No matter what you think of Joe Biden’s presidential victory and his touted plans to embrace science rather than magical thinking in the fight against the coronavirus, we are stuck with a simple reality.
The incoming administration will inherit one of the most daunting challenges a president has ever faced: planning and executing a nationwide mass vaccination campaign in the midst of a global pandemic.
Prior to retiring from the military, I worked as a COVID crisis planner at NORTHCOM, where we were terrified of a potential “COVICANE”. Fortunately, a major hurricane did not cause a Katrina or Harvey-type blow to a major city facing a coronavirus outbreak this year, at least on the scale we feared.
But our second biggest concern was what the virus might do to rural America. And it’s playing heartbreakingly right now.
With cases reaching over 10 million, the virus is everywhere and is spreading deep into every corner of the country. This is where the Biden administration will face its biggest challenge, especially when it comes to rolling out a potential vaccine.
My home state of Texas is a prime example. A 2016 report from the Texas Department of State Health Services illustrates the terrible state of rural health care. According to the DSHS, 235 of Texas’ 254 counties were medically underserved. There were many isolated counties with little or no access to health care. Some even lacked a single doctor.

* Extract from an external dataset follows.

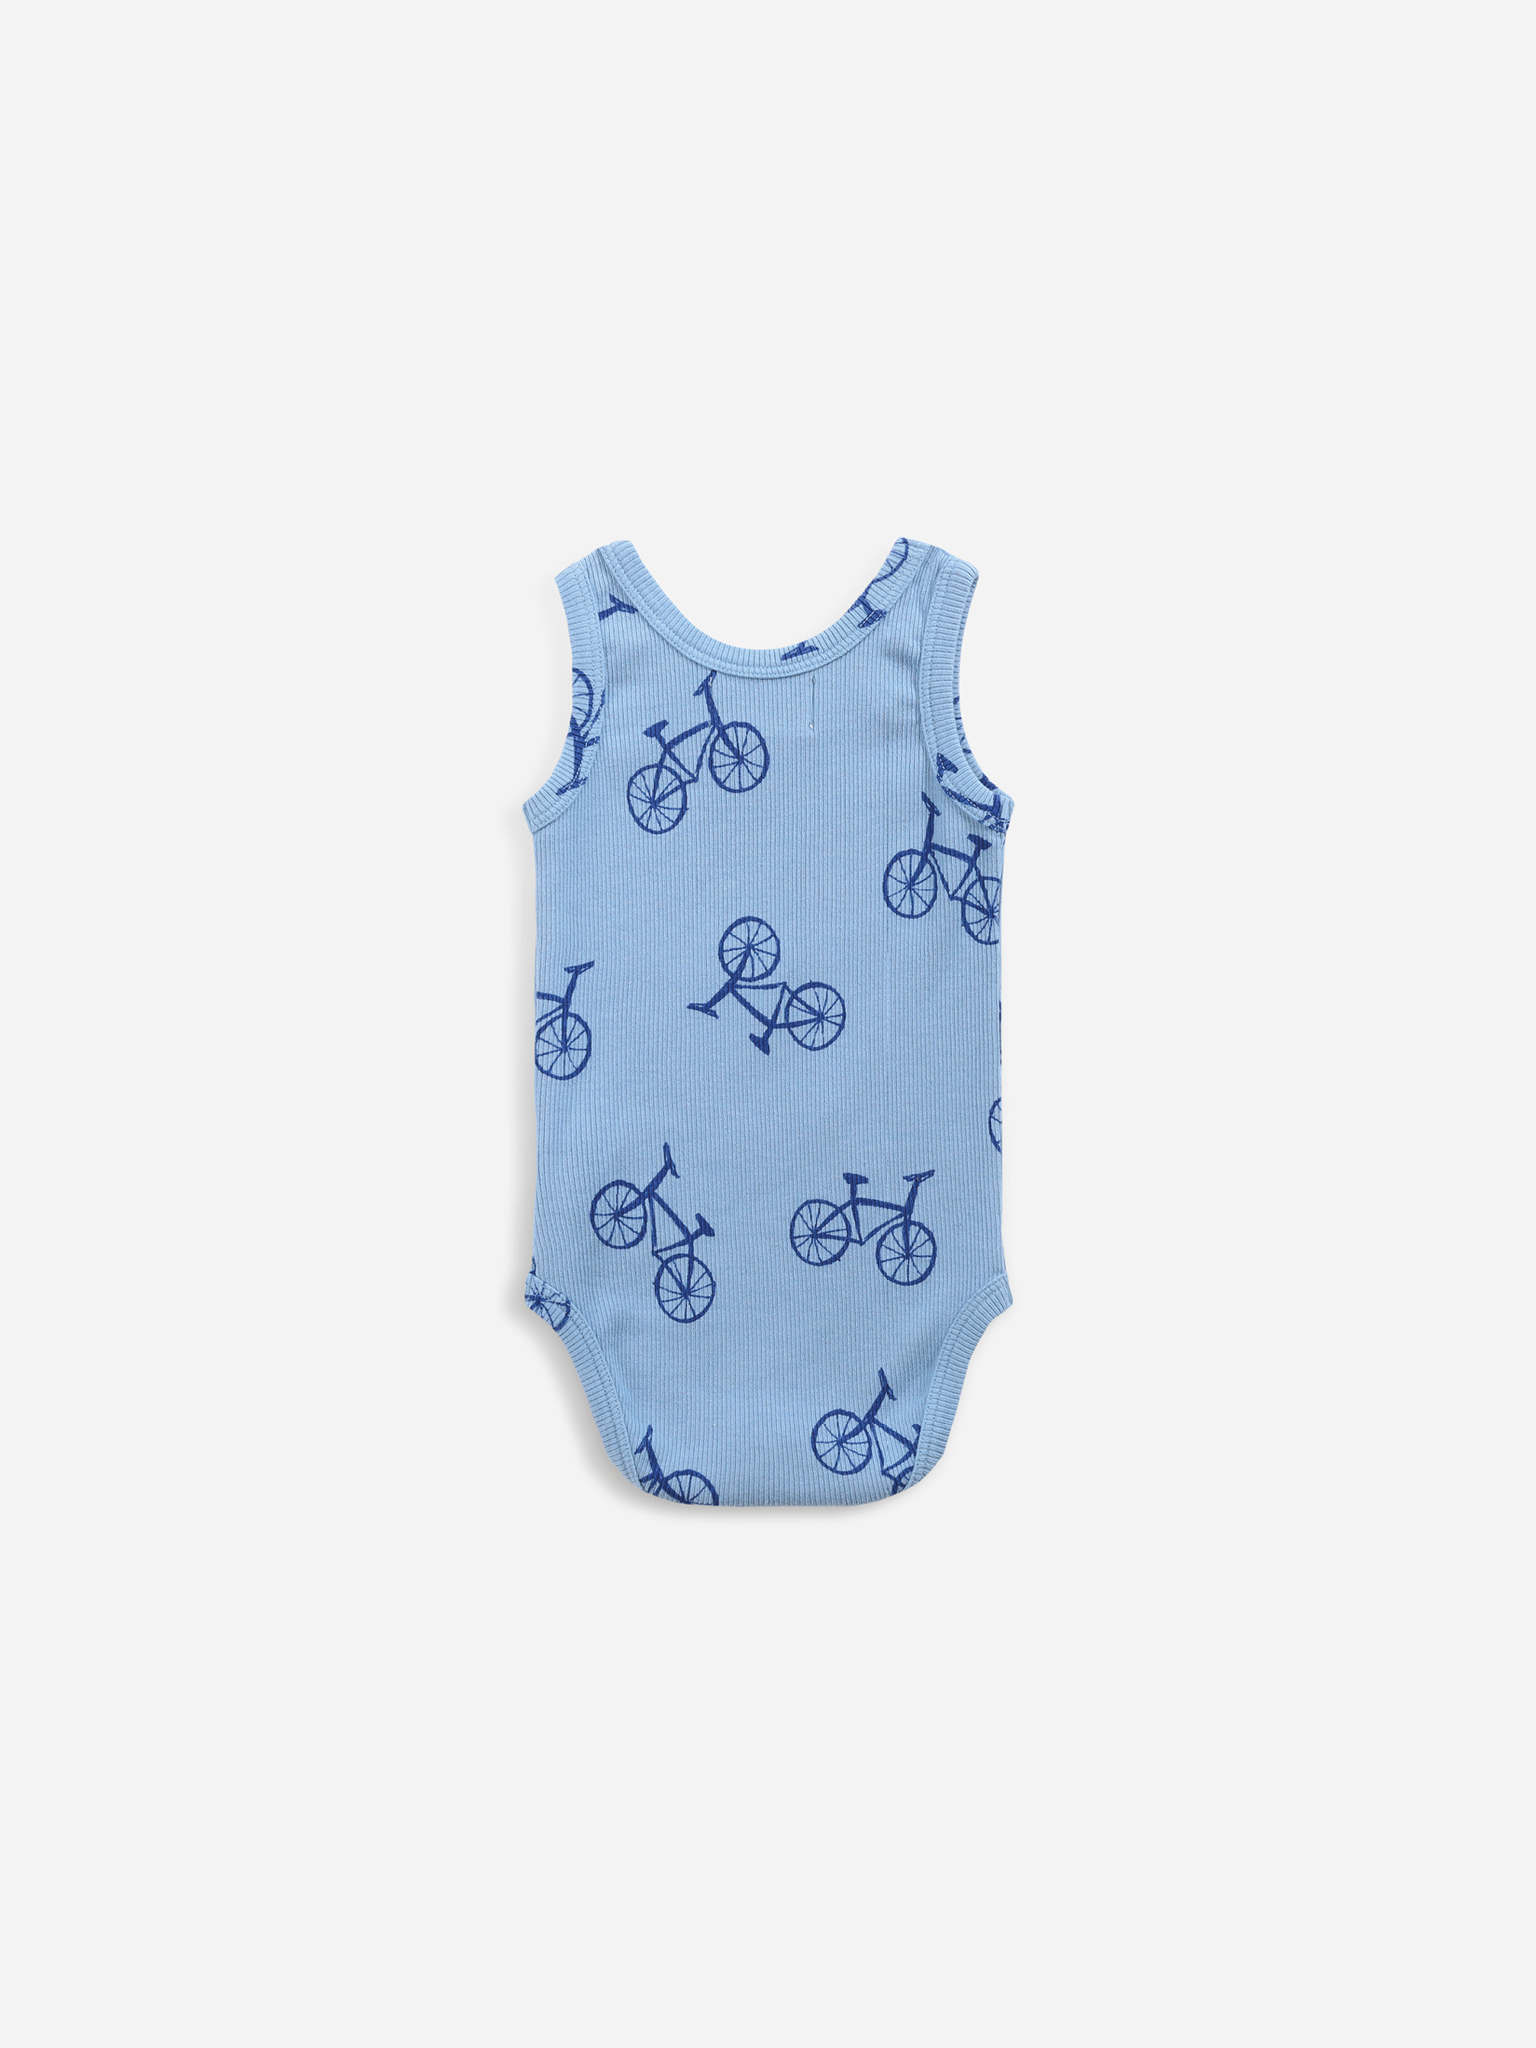 Bobo Choses Bicycle All Over Sleeveless Body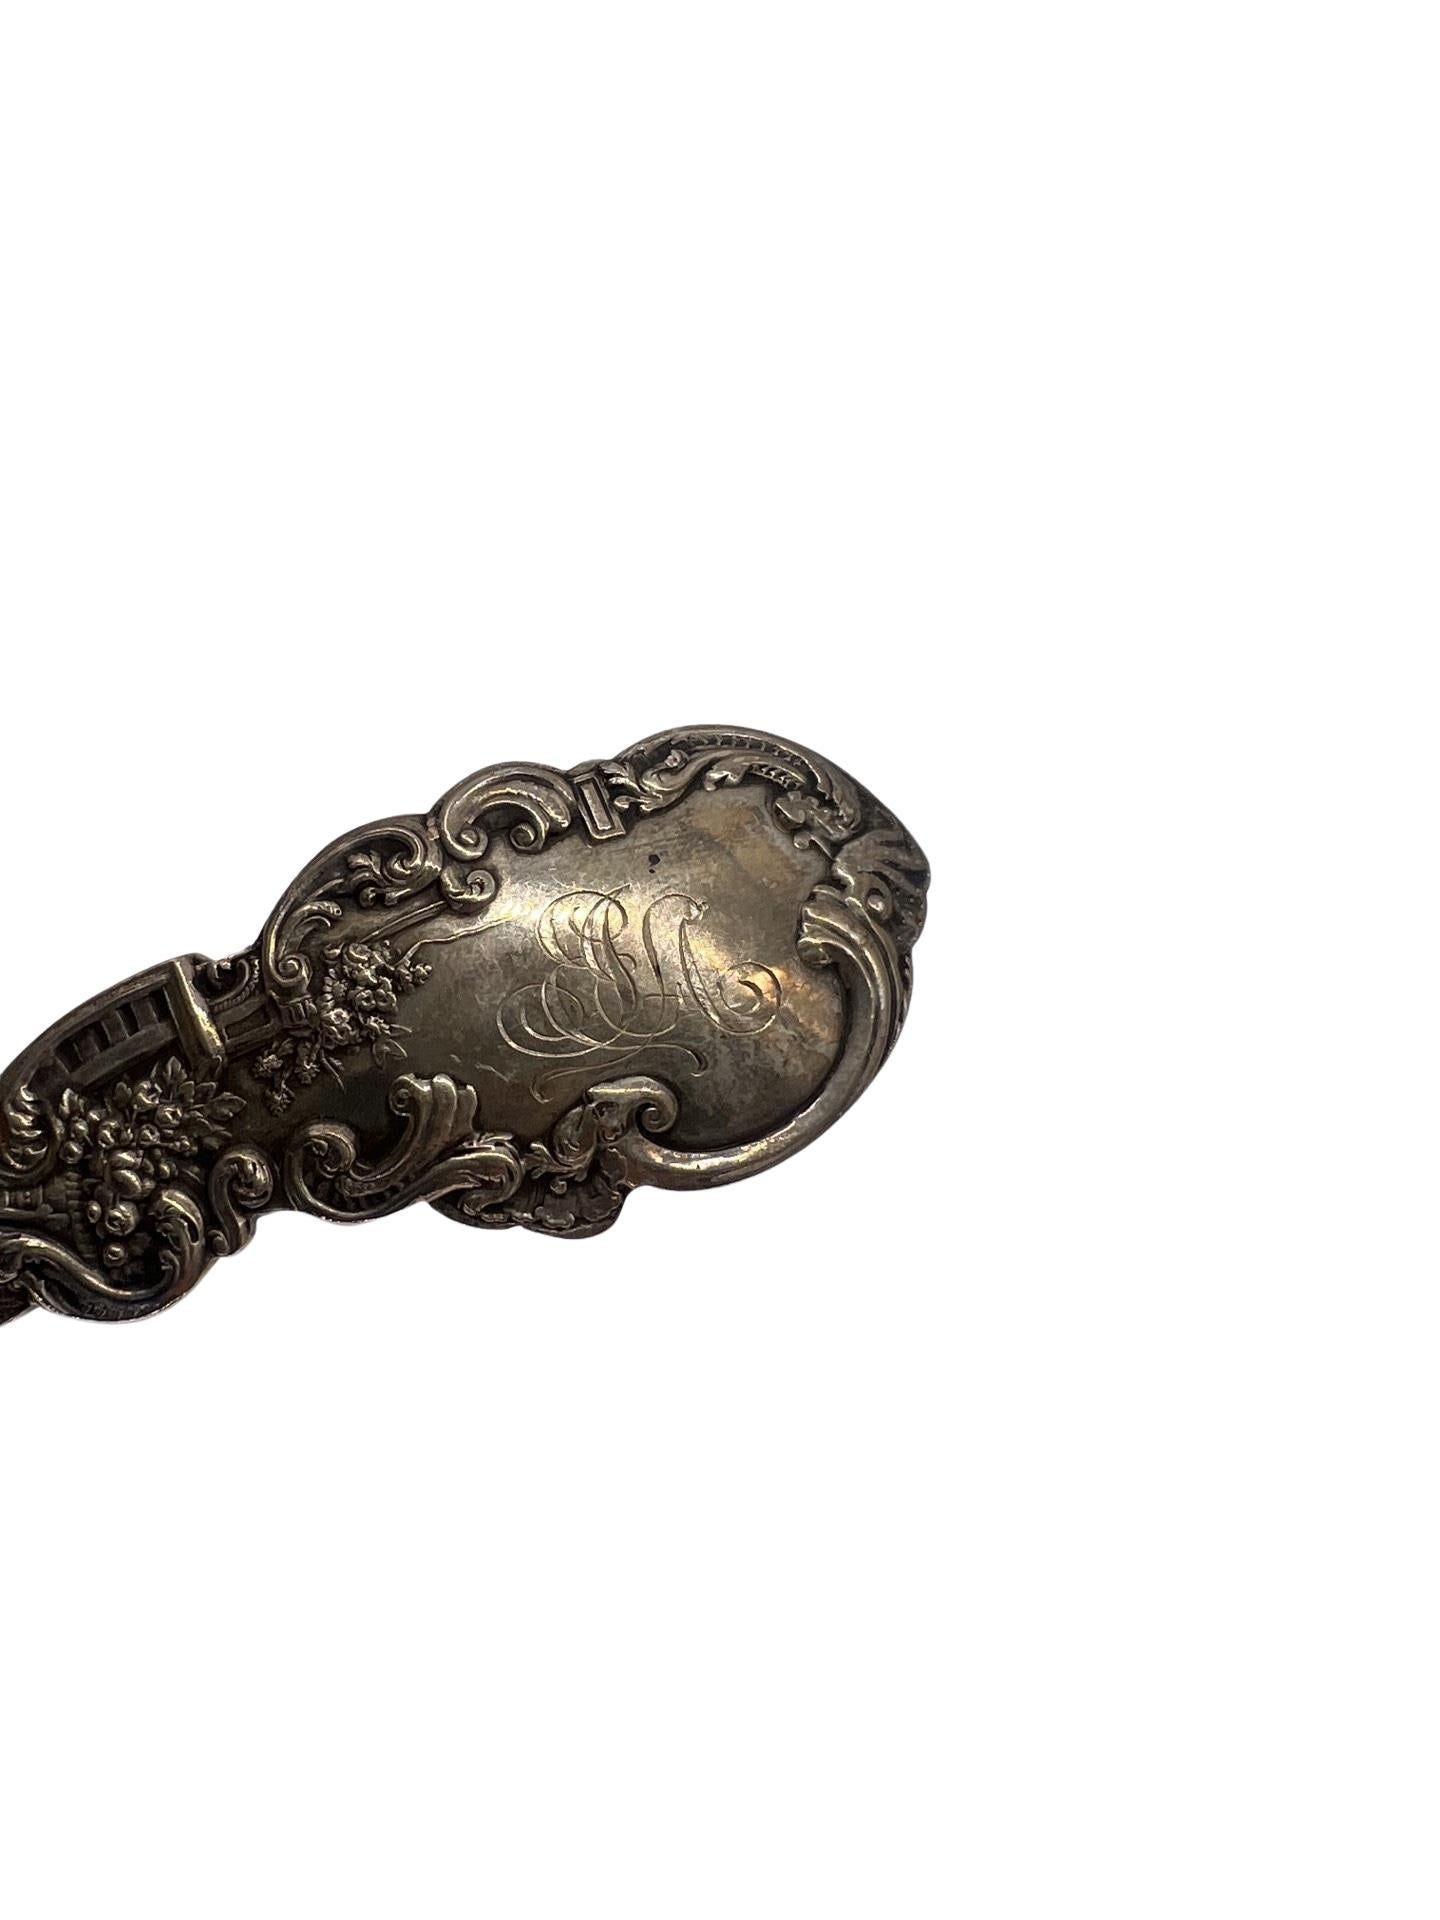 High Victorian Rare 1888 Gorham Sterling Silver Versailles Potato Serving Spoon 12.5” For Sale

It is a crisis that has been brewing for a long time. As the Texas Watcher Recently noted, in 2019, Texas budgeted $ 17.7 million for infectious disease surveillance, prevention and epidemiology – and more than $ 400 million for border security. So even when a vaccine is delivered, it will go to a state that is understaffed and underfunded.
Lipscomb County, a population of 3,302 in 2010, in the northeast corner of Texas, does not have a doctor. It should be noted that Lipscomb County is 550 km from Austin. Portland, Maine, is closer to Washington, DC, than these 3,302 isolated souls.
Given this isolation and lack of resources, vaccines themselves present a logistical challenge that borders on the impossible for rural America. The Pfizer vaccine, now the main competitor, will require ultra-cold storage of at least -94 degrees Fahrenheit and two rounds of shots. Another major vaccine candidate from Moderna also requires ultra-cold storage. Typically, hospitals and large clinics have this capability. Small towns without dispensaries, even the most basic ones, do not.
To deploy the Pfizer vaccine or any other vaccine, health planners will need to find a way to deliver it to rural areas while maintaining the required temperature long enough for the population to receive both doses. This scene will be repeated throughout small town America. This presents a great risk: An uncoordinated federal deployment of vaccines requiring ultra-cold storage could leave state and local governments competing for resources, just as they competed for PPE at the start of the pandemic.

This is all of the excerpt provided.